SECURITIES AND EXCHANGE COMMISSION
Washington, D.C. 20549
Pursuant to Section 13 OR 15(d)
of The Securities Exchange Act of 1934
Date of Report (Date of earliest event reported): November 13, 2020
MarketAxess Holdings Inc.
(Exact name of registrant as specified in its charter)
(State or other jurisdiction
55 Hudson Yards, 15th Floor
New York, New York 10001
(Address of principal executive offices) (Zip Code)
Registrant’s telephone number, including area code (212) 813-6000
(Former name or former address, if changed since last report.)
Check the appropriate box below if the Form 8-K filing is intended to simultaneously satisfy the filing obligation of the registrant under any of the following provisions (see General Instruction A.2. below):
Written communications pursuant to Rule 425 under the Securities Act (17 CFR 230.425)
Soliciting material pursuant to Rule 14a-12 under the Exchange Act (17 CFR 240.14a-12)
Pre-commencement communications pursuant to Rule 14d-2(b) under the Exchange Act (17 CFR 240.14d-2(b))
Pre-commencement communications pursuant to Rule 13e-4(c) under the Exchange Act (17 CFR 240.13e-4(c))
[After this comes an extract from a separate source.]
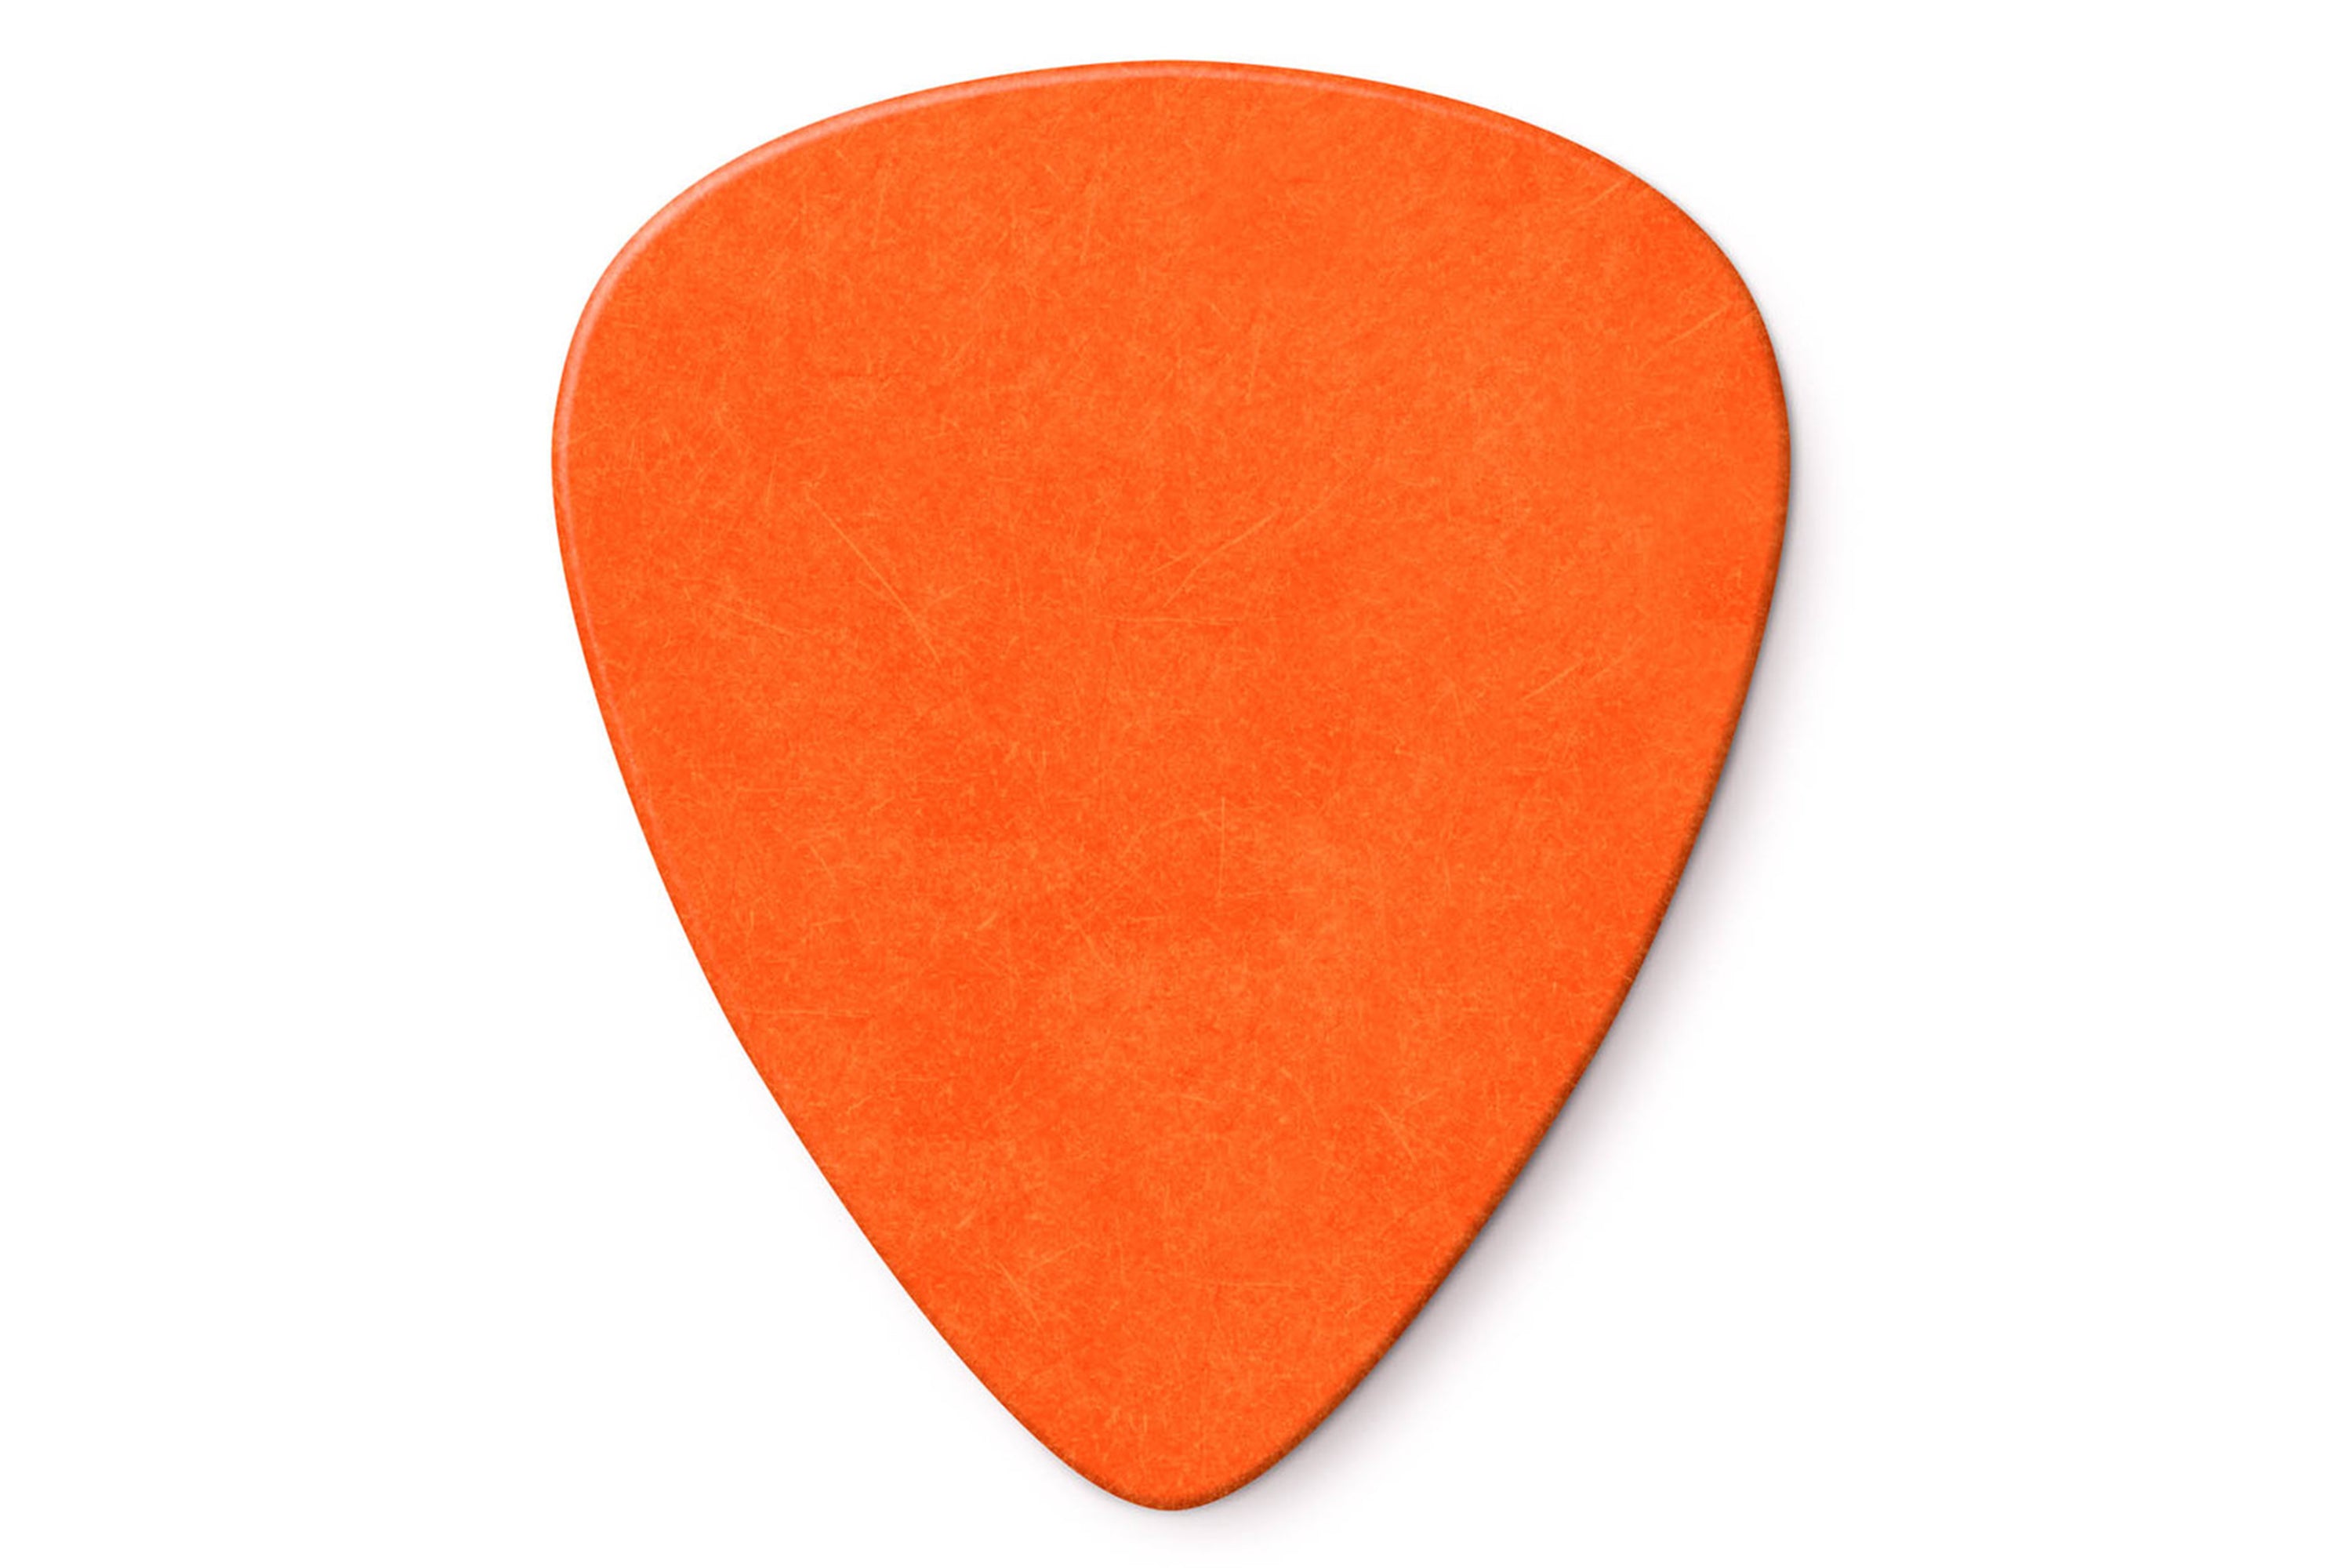 Dunlop Tortex Standard .60mm Orange Guitar & Ukulele Picks 12 Pack

Securities registered pursuant to Section 12(b) of the Act:
Title of each class
Name of each exchange
on which registered
|Common Stock, par value $0.003 per share||MKTX||NASDAQ Global Select Market|
Indicate by check mark whether the registrant is an emerging growth company as defined in Rule 405 of the Securities Act of 1933 (§230.405 of this chapter) or Rule 12b-2 of the Securities Exchange Act of 1934 (§240.12b-2 of this chapter).
Emerging growth company ☐
If an emerging growth company, indicate by check mark if the registrant has elected not to use the extended transition period for complying with any new or revised financial accounting standards provided pursuant to Section 13(a) of the Exchange Act. ☐
Entry into a Material Definitive Agreement.
On November 13, 2020, MarketAxess Holdings Inc. (the “Company”), as borrower, entered into a credit agreement (the “Credit Agreement”) with a syndicate of lenders and JPMorgan Chase Bank, N.A. (“JPMorgan”), as administrative agent. Pursuant to the Credit Agreement, the lenders have provided aggregate commitments totaling $500 million, consisting of a revolving credit facility (the “Credit Facility”) and a $5 million letter of credit sub-limit for standby letters of credit.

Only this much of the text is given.